Replace "broken leg" with whatever problem you are discussing with your psychologist. Do you have evidence that rational people are more likely to have this specific problem than irrational (but otherwise similar: same social background, same education, same character, same health problems) people?
That's a behavior and no belief.
There are many instance where trying to change a belief makes the belief stronger. People who are very much attached to their beliefs usually don't update.
Many mainstream professional psychologist follows a code that means that he doesn't share deep information about his own private life with his clients. I don't believe in that ideal of professionalism but it's not straightforward to dismiss it.

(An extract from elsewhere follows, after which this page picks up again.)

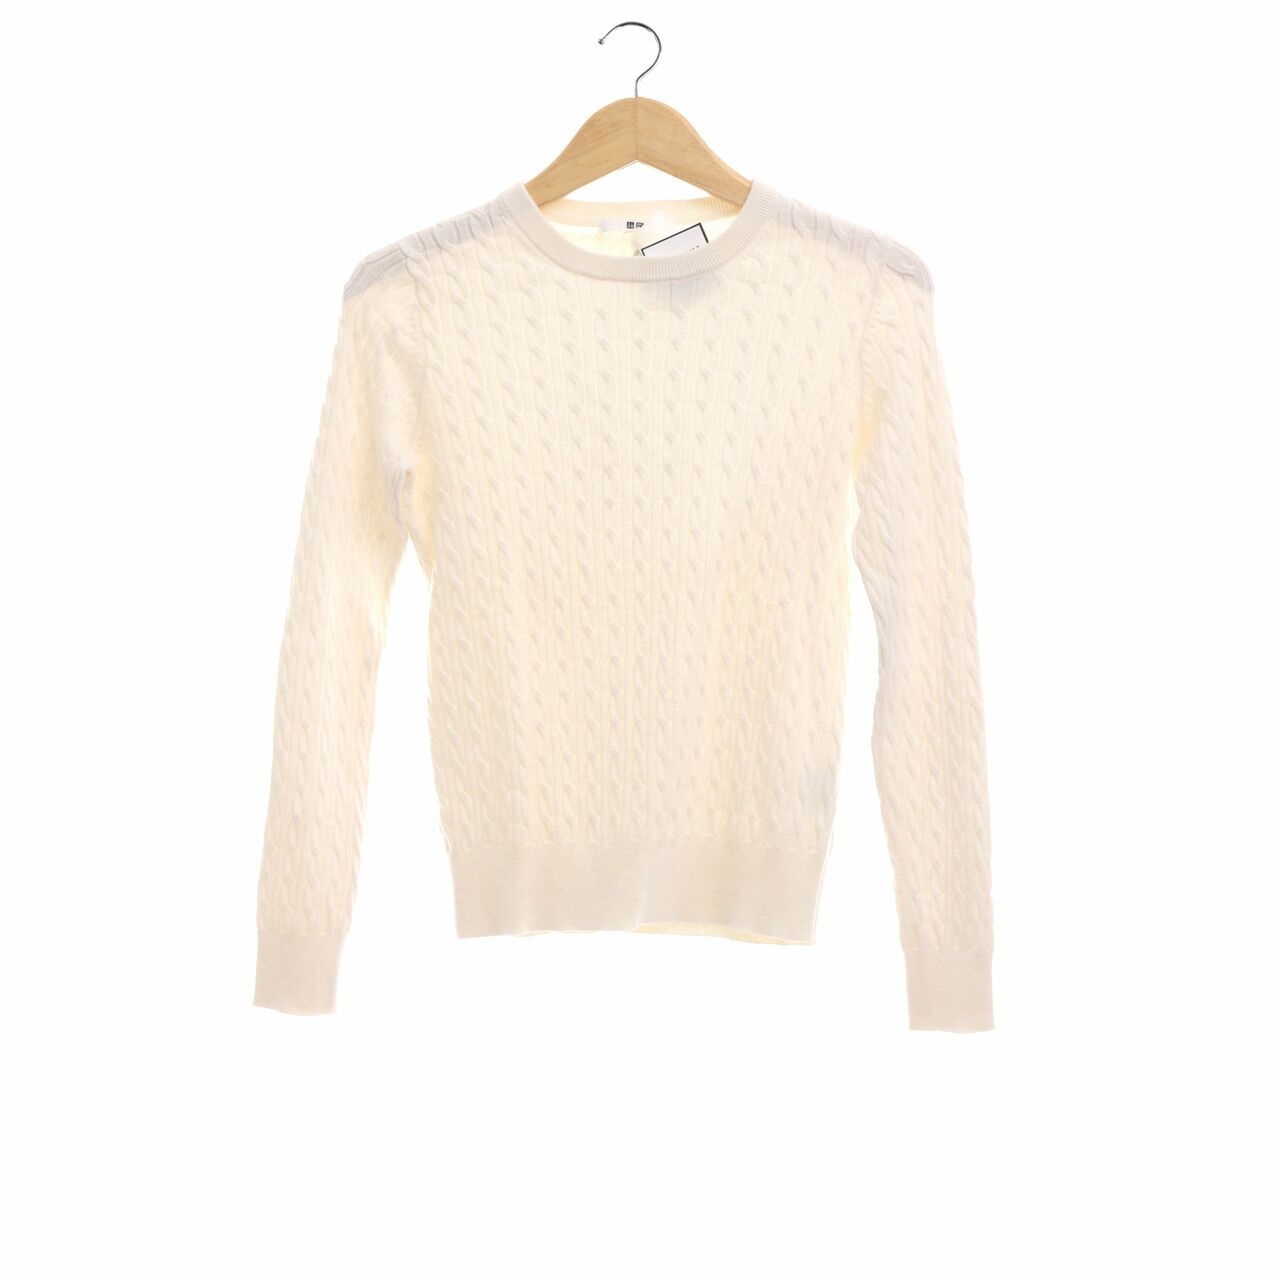 UNIQLO White Sweater

More importantly a good psychologist doesn't confront his client with information about the client that's not helpful for them. He doesn't say: "Your life is a mess because of points 1 to 30." That's certainly information that's interesting to the client but not helpful. It makes much more sense to let the client figure out stuff on his own or to guide him to specific issues that the client is actually in a position to change.
Monday I gave someone meaningful true information about them that I consider helpful to them their first reaction was: "I don't want to have nightmares. Don't give them to me."
I do have a policy of being honest but that doesn't entail telling someone true information for which they didn't ask and that messes them up. I don't think that any good psychologist will just share all information that are available. It just a bad strategy when you are having a discussion about intimate personal topics.
Well, some people don't want to be given information, and some people do. It's often difficult to know where a specific person belongs; and it is a reasonable assumption that they most likely belong to the "don't want to know" group.
The problem with saying "some information should not be known" is that it does not specify who shouldn't know (and why).
Whether a person want to be given information doesn't mean that he can handle the information. I can remember a few instance where I swear that I wanted information but wasn't well equipped to handle them.
That sentence alone doesn't but the psychologist probably had a context in which he spoke it.